Cuando se pierde la confianza, ésta es difícil de recobrar. Máxime cuando es consecuencia de nuestra enorme vulnerabilidad. Un buen número de sociólogos llevan más de una década analizando la sociedad riesgo moderna. La complejidad sociotecnológica de nuestras sociedades, que reposan en sistemas expertos encadenados en redes de interacción cada vez más vastas, generan situaciones de alto riesgo tanto más difíciles de controlar cuanto más extensas y profundas sean esas cadenas de interacción. Chernóbil ha sido el símbolo y el argumento más sólido de los teóricos de la sociedad riesgo, como más tarde lo fueron las vacas locas o los problemas medioambientales. Ninguno de ellos pensó en la seguridad ante el terrorismo. Pero para la caída de las torres hicieron falta no una, sino dos bombas. La primera, un simple y anticuado avión cargado de keroseno, ciertamente no un arma sofisticada. Pero sí era sofisticada la segunda bomba, las propias torres que no pudieron soportar el impacto. El avión no causó las muertes; las causaron las torres inmensas cuyos diseñadores habían previsto todo menos eso, como los diseñadores del Titanic previeron todo menos lo que acabó ocurriendo. El orgullo de la arquitectura fálica, símbolo visible de la mundialización económica y donde se alojan buena parte de los grandes bancos de inversión y los operadores de bolsa, caía estrepitosamente arrastrando a miles de personas a un infierno de polvo y cascotes. Es mucho más que un símbolo de la vulnerabilidad de los soportes materiales, informáticos, energéticos o comunicacionales de nuestras sociedades. Hemos sustituido un entorno, un medio ambiente natural, por otro tecnológico, y éste es de tal complejidad que es imposible calcular las consecuencias últimas de sus posibles fallos.

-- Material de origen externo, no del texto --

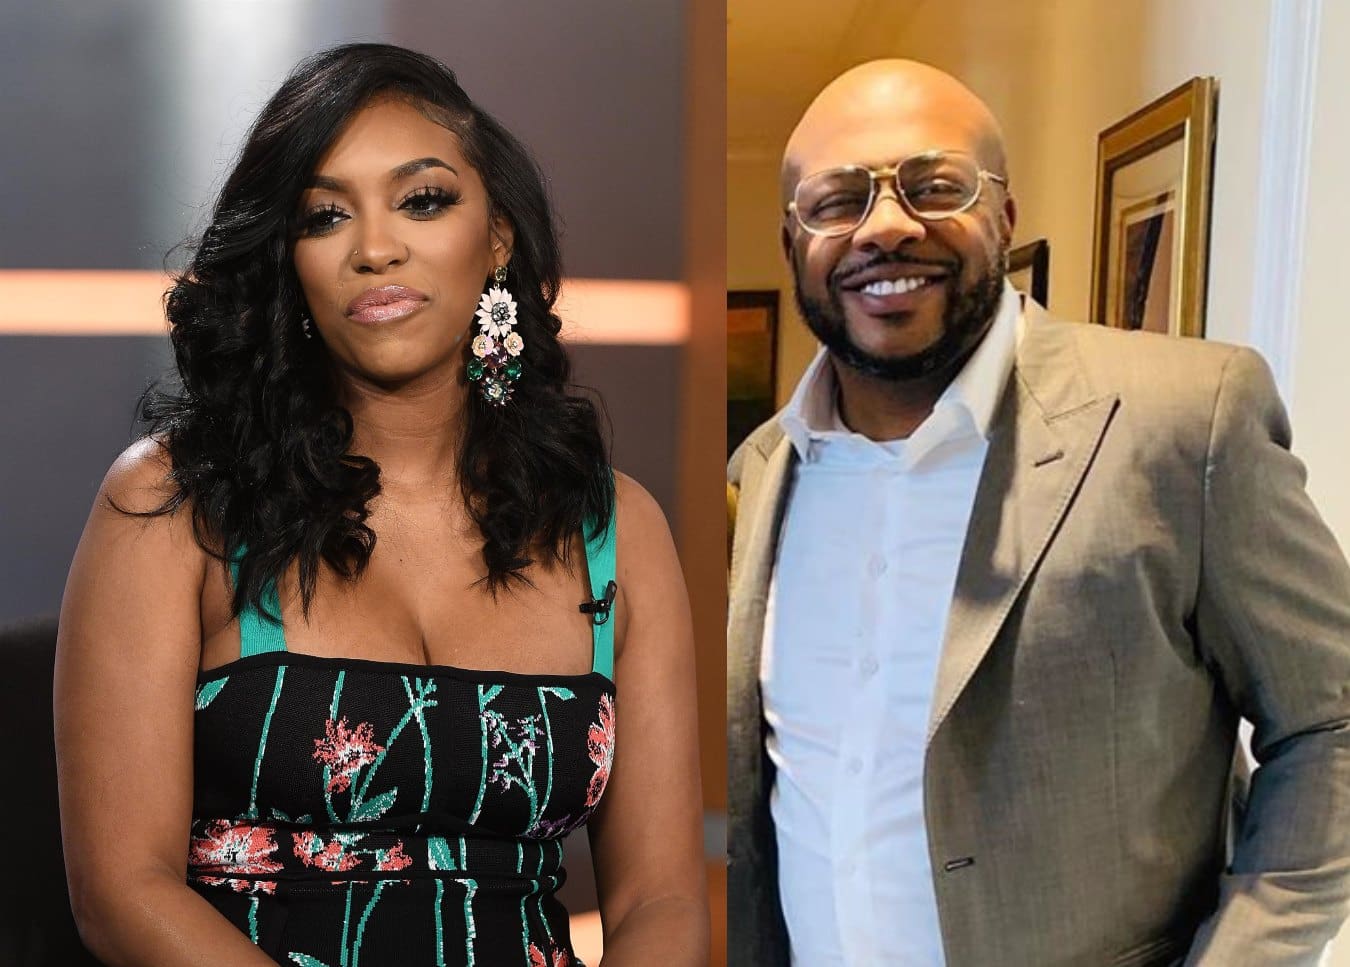 Porsha Williams' Fans Are Proud Of Her And Dennis McKinley For Being Proactive During The Protests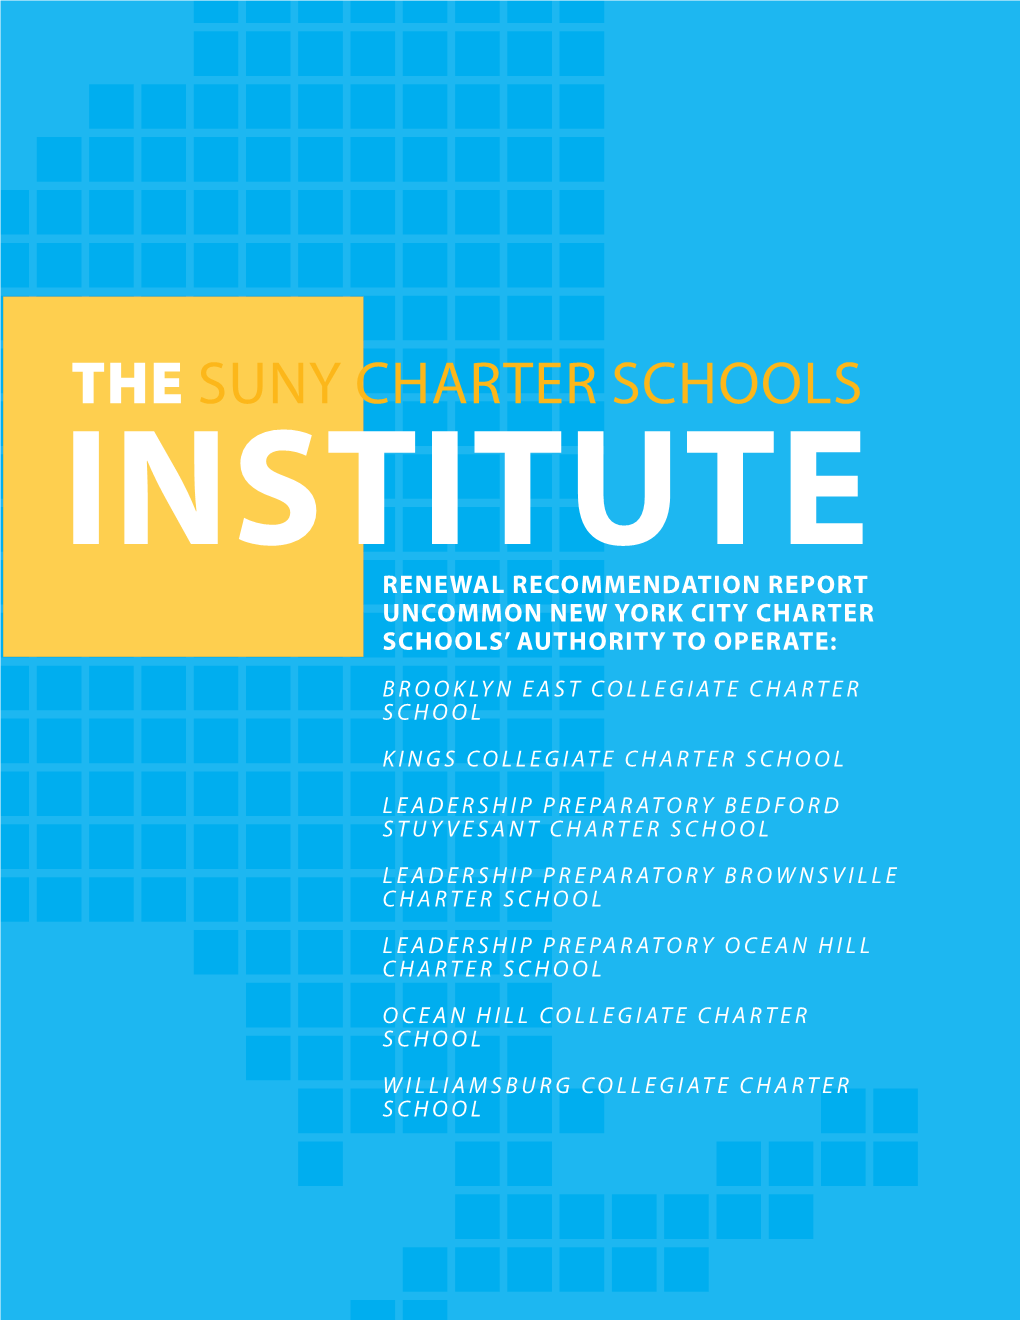 Renewal Recommendation Report Uncommon New York City Charter Schools' Authority to Operate

Estamos así ante los inicios de lo que podríamos llamar la Tercera Guerra Mundial o, con mayor propiedad, las Nuevas Guerras. Que no son conflictos de intereses entre potencias establecidas que combaten por un territorio y se reconocen mutuamente como enemigos. Para eso hemos diseñado también complejos sistemas de resolución de conflictos que permiten llegar a acuerdos o al menos posponer indefinidamente el conflicto. Y en última instancia tenemos siempre el recurso a la destrucción mutua asegurada, sin duda un excelente antídoto contra la ambición excesiva. Estamos ante una guerra de guerrillas urbana, movilizada por ideologías fanatizadas que activan guerreros suicidas, que aprovecha nuestra complejidad para herir y que busca sobre todo la espectacularidad y el impacto que proporcionan los medios de comunicación. El magnicidio de ayer es, como señalaron muchos observadores, un claro casus belli, sin duda más odioso que el bombardeo de Pearl Harbor, contra objetivos militares y con un número muy inferior de víctimas. Pero ¿casus belli contra quién? No hay país que asuma esta nueva guerra, pues la forma de la nueva guerra es el terrorismo. Tenía razón Huntington al señalar que, tras las guerras de dinastías del siglo XVIII, las guerras entre naciones del XIX y la guerra civil de clases sociales del XX, íbamos a entrar en una nueva fase de conflictos bélicos. No está nada claro que éstos vayan a ser guerras de civilizaciones, y menos clara aún la incompatibilidad del islam con la modernidad (que Huntington y Sartori teorizan), pero, de serlo, sería sólo una guerra contra el islam, en gran parte autocumplida y autogenerada, lo que, por cierto, colocaría a España en la misma frontera norte del conflicto, algo que interesa evitar a toda costa (y en primer lugar a las empresas orientadas al turismo, las primeras que vieron sus cotizaciones desplomarse el miércoles por la mañana). Es una nueva guerra civil, ciertamente, con ribetes importantes de guerra de clase, pero no la guerra civil de Occidente, sino del mundo, otro producto más de la globalización, y en el que las alianzas más espurias e insensatas pueden ser realidad. Una nueva guerra, la terrorista, que no es ya la continuación de la política por otros medios como diseñó Clausewitz, sino la política misma que se expresa no mediante palabras o argumentos, sino con espectáculos dirigidos al gran público.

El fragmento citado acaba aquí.